• **INFORMATION SHOWN**:
◇ ◇ ◇ ◇ ◇ ◇ ◇

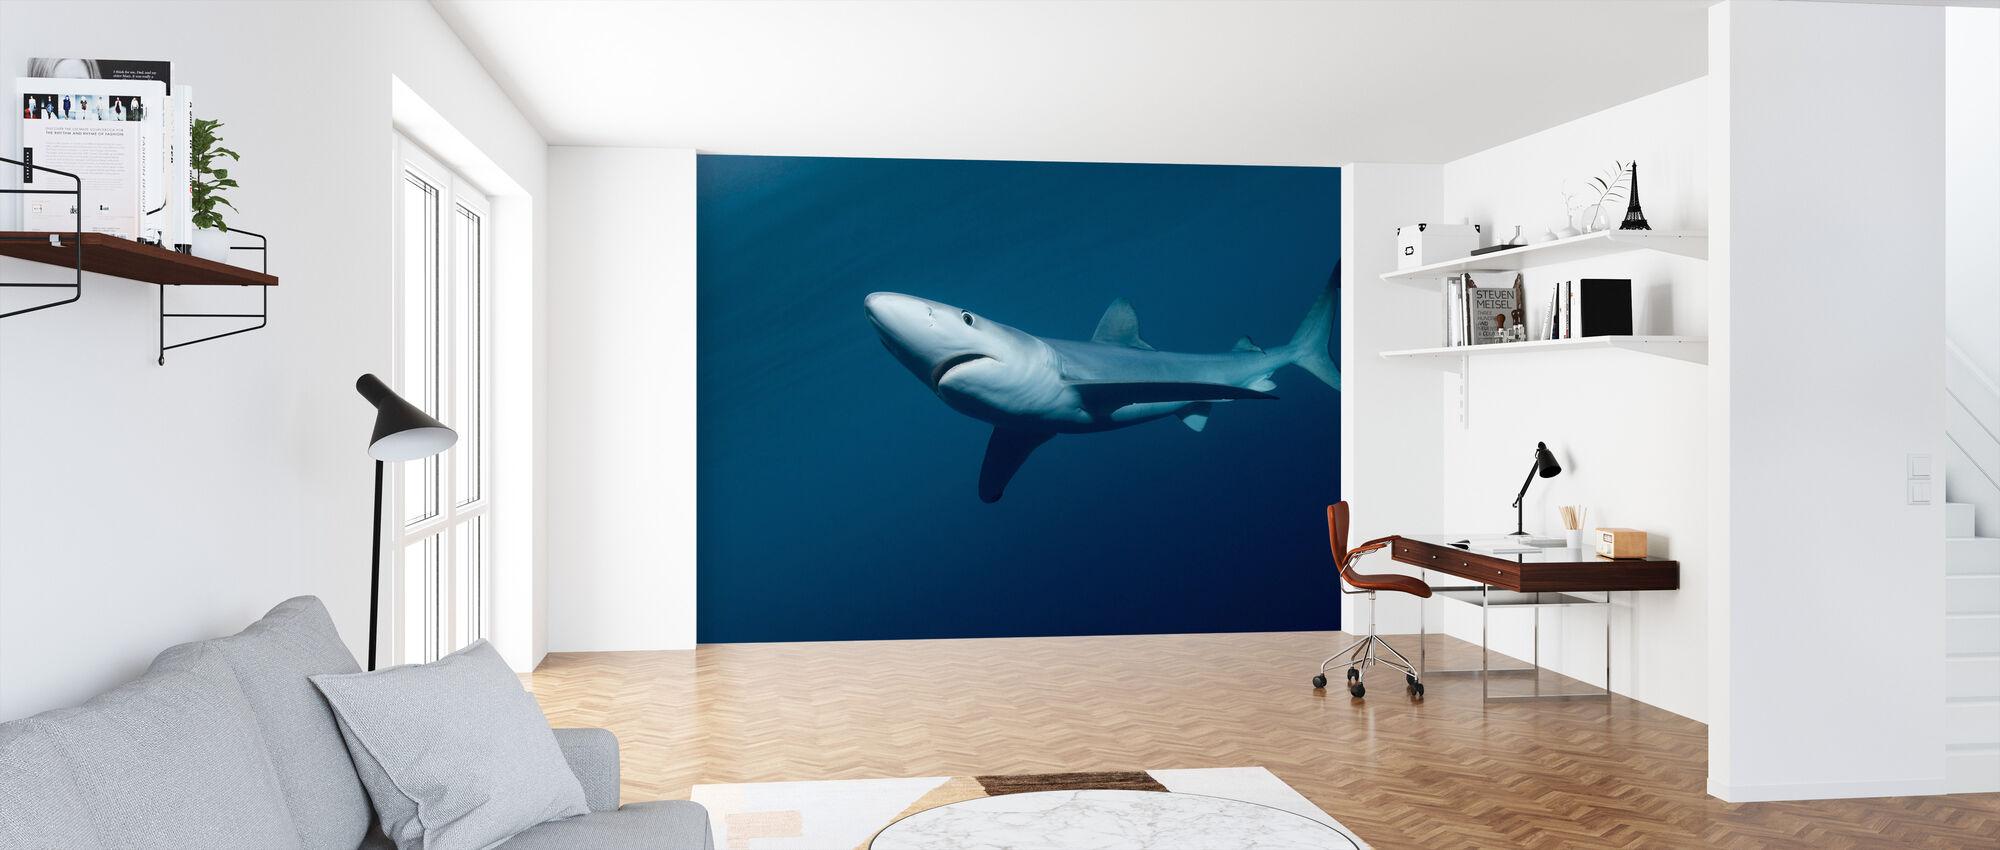 Blue Shark - Wallpaper - Office
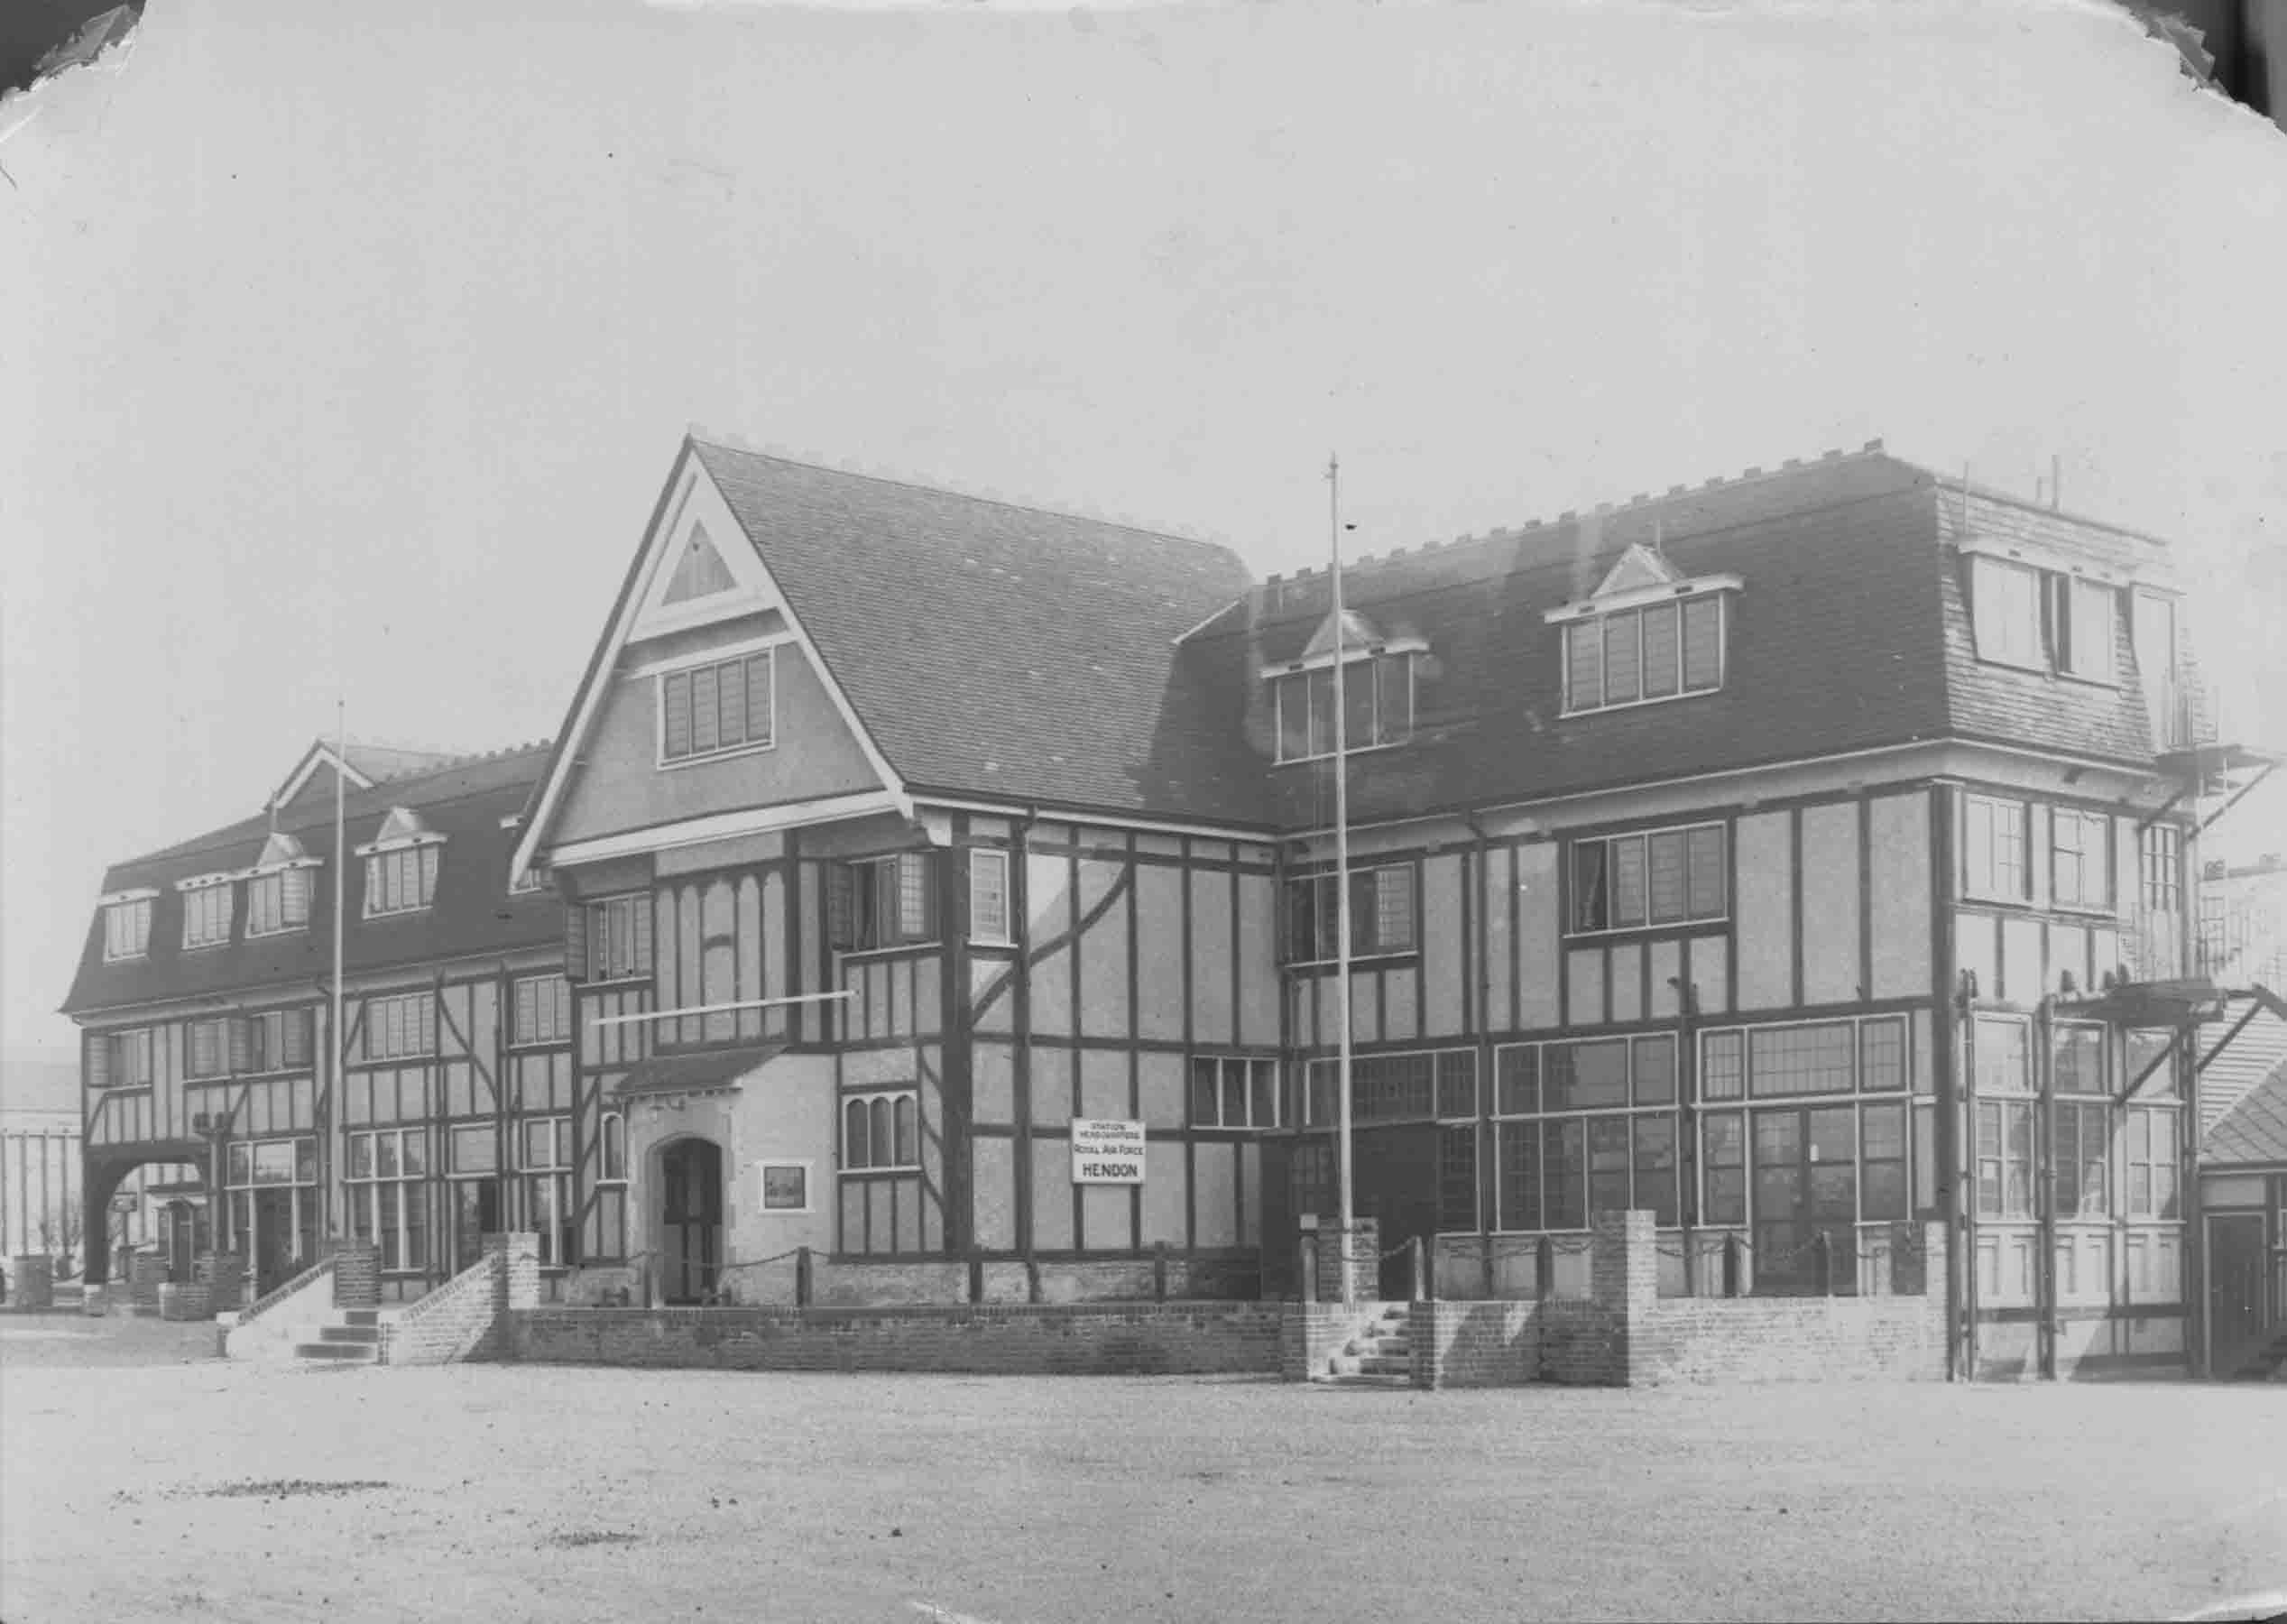 The former Officer's Mess building, now Platt Hall of Middlesex University
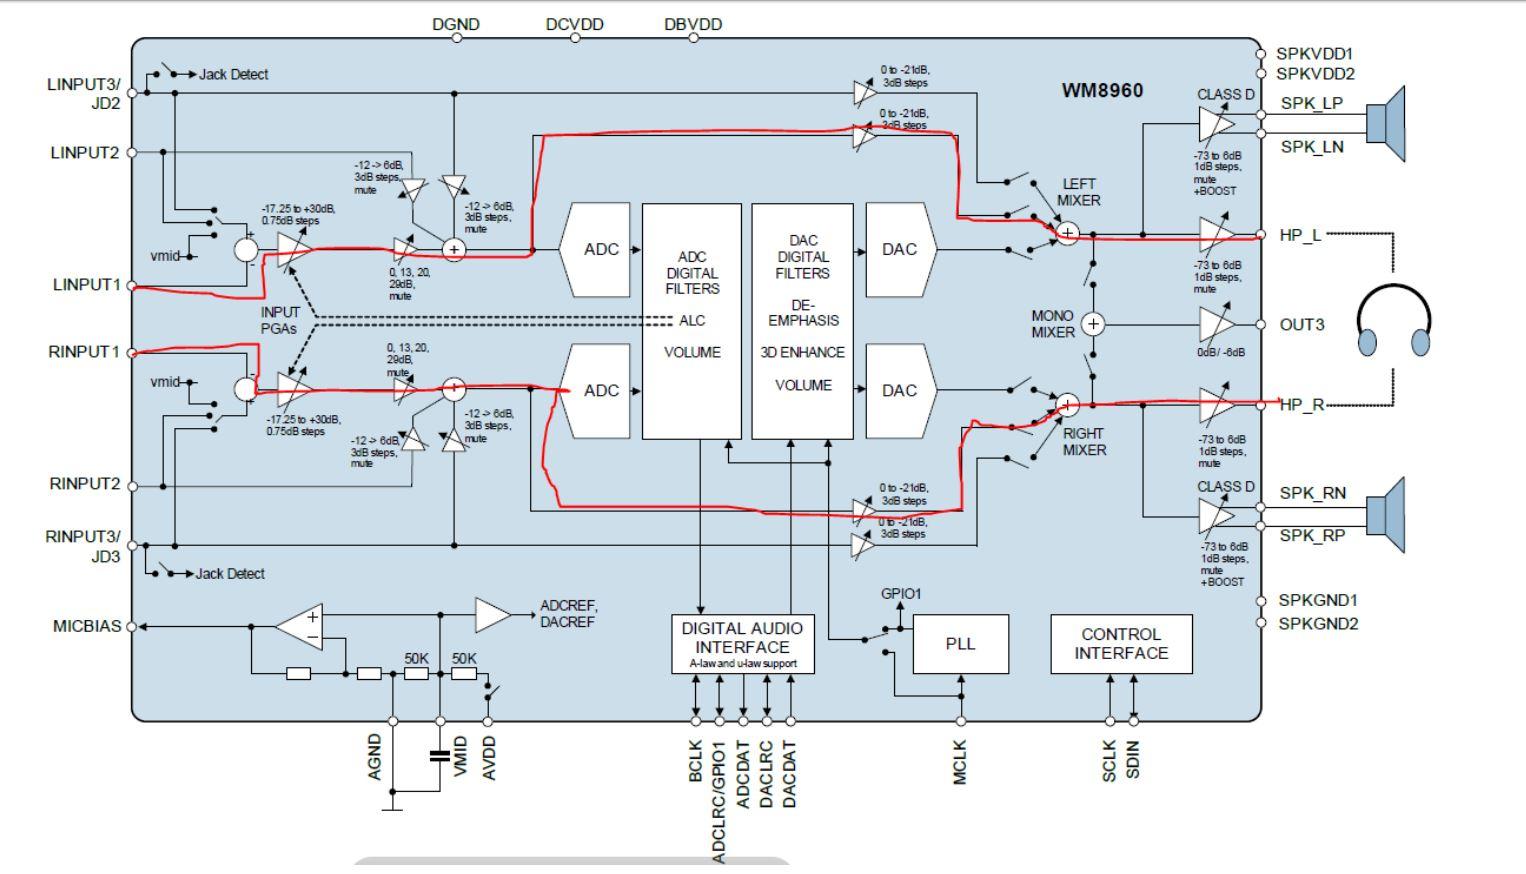 imx6 audio wm8960 speaker path

◇ ◇ ◇ ◇ ◇ ◇ ◇

• **WHAT YOU NEED TO DO**:
Restate verbatim the lines that begin at the one holding "The former Officer's" and end at the last line of the material. Exclude pictures.

• **YOUR RESPONSE**:
 The former Officer's Mess building, now Platt Hall of Middlesex University
 imx6 audio wm8960 speaker path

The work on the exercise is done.